Clatworthy and her team analysed blood and lung samples taken from 13 obese patients with severe COVID-19 requiring mechanical ventilation and intensive care treatment, and 20 controls (non-obese COVID-19 patients and ventilated non-COVID-19 patients). These included patients admitted to the Intensive Care Unit at Addenbrooke’s Hospital.

Her team used a technique known as transcriptomics, which looks at RNA molecules produced by our DNA, to study activity of cells in these key tissues. Their results are published in the American Journal of Respiratory and Critical Care Medicine.

Contrary to expectations, the researchers found that the obese patients had underactive immune and inflammatory responses in their lungs. In particular, when compared to non-obese patients, cells in the lining of their lungs and some of their immune cells had lower levels of activity among genes responsible for the production of two molecules known as interferons (INF) – interferon-alpha and interferon-gamma – which help control the response of the immune system, and of tumour necrosis factor (TNF), which causes inflammation.

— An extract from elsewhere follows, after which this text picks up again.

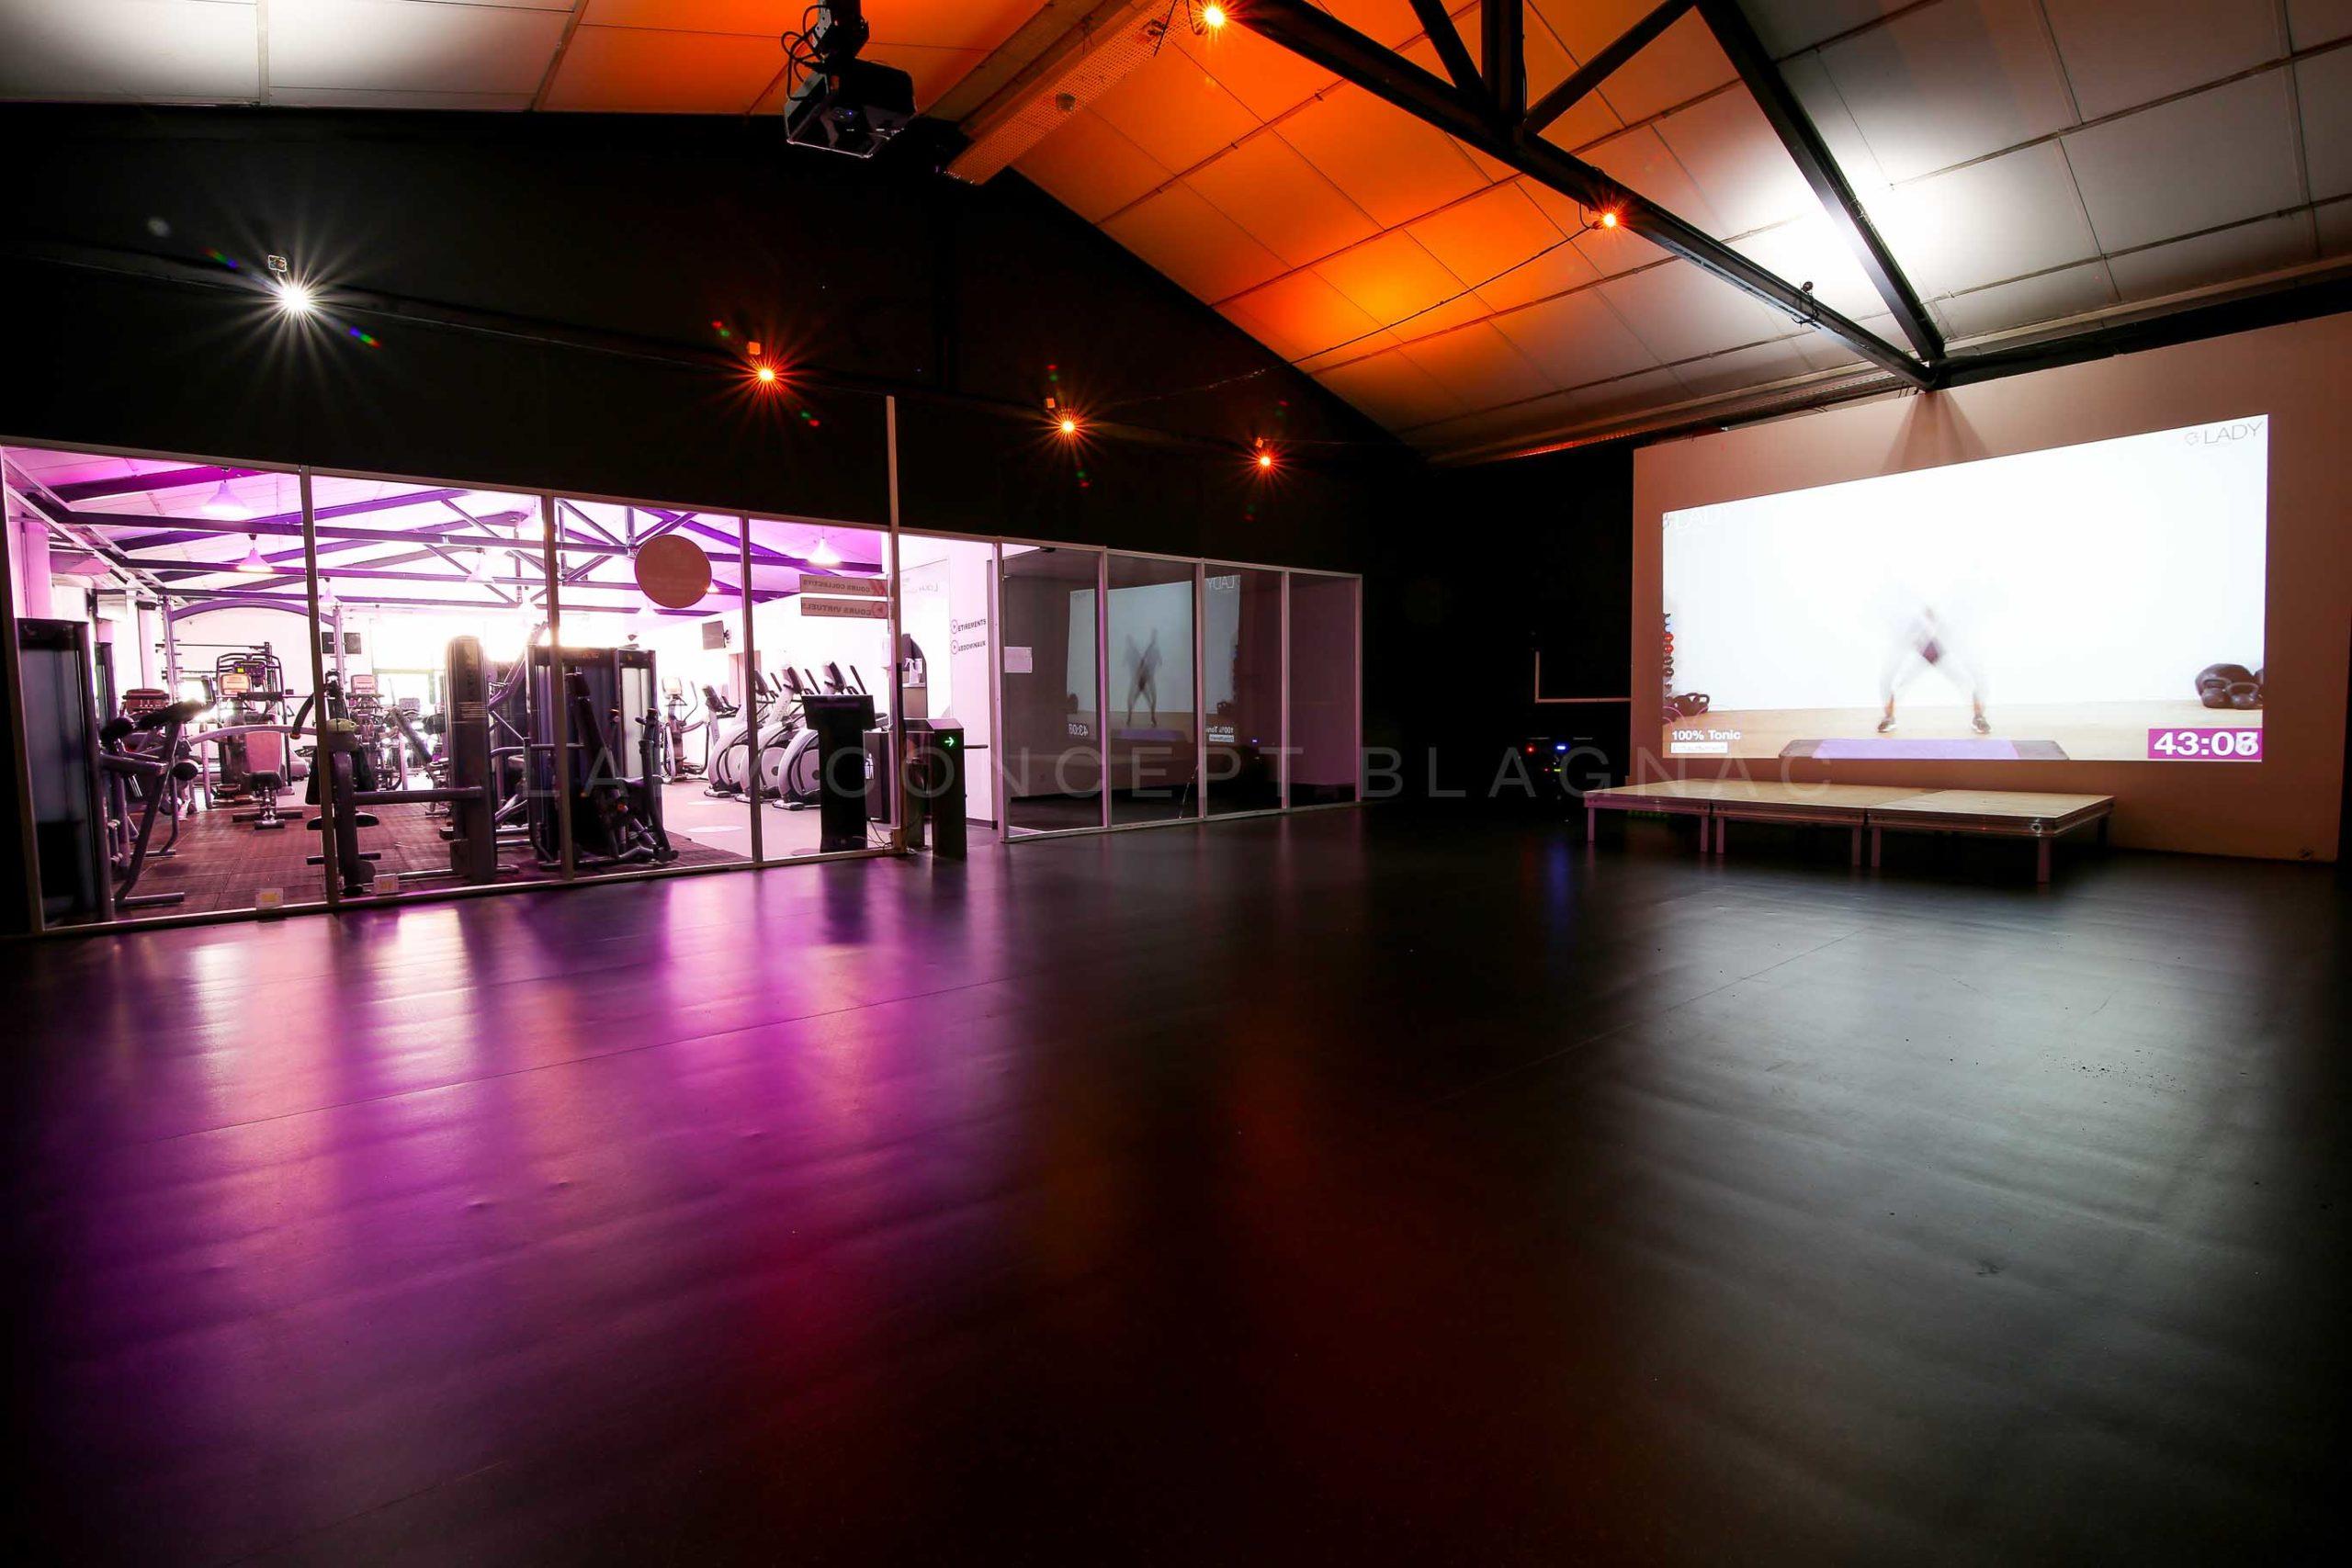 Salle de sport à Blagnac - Lady Concept

When they looked at immune cells in the blood of 42 adults from an independent cohort, they found a similar, but less marked, reduction in the activity of interferon-producing genes as well as lower levels of IFN-alpha in the blood.

Professor Clatworthy said: “This was really surprising and unexpected. Across every cell type we looked at, we found that that the genes responsible for the classical antiviral response were less active. They were completely muted.”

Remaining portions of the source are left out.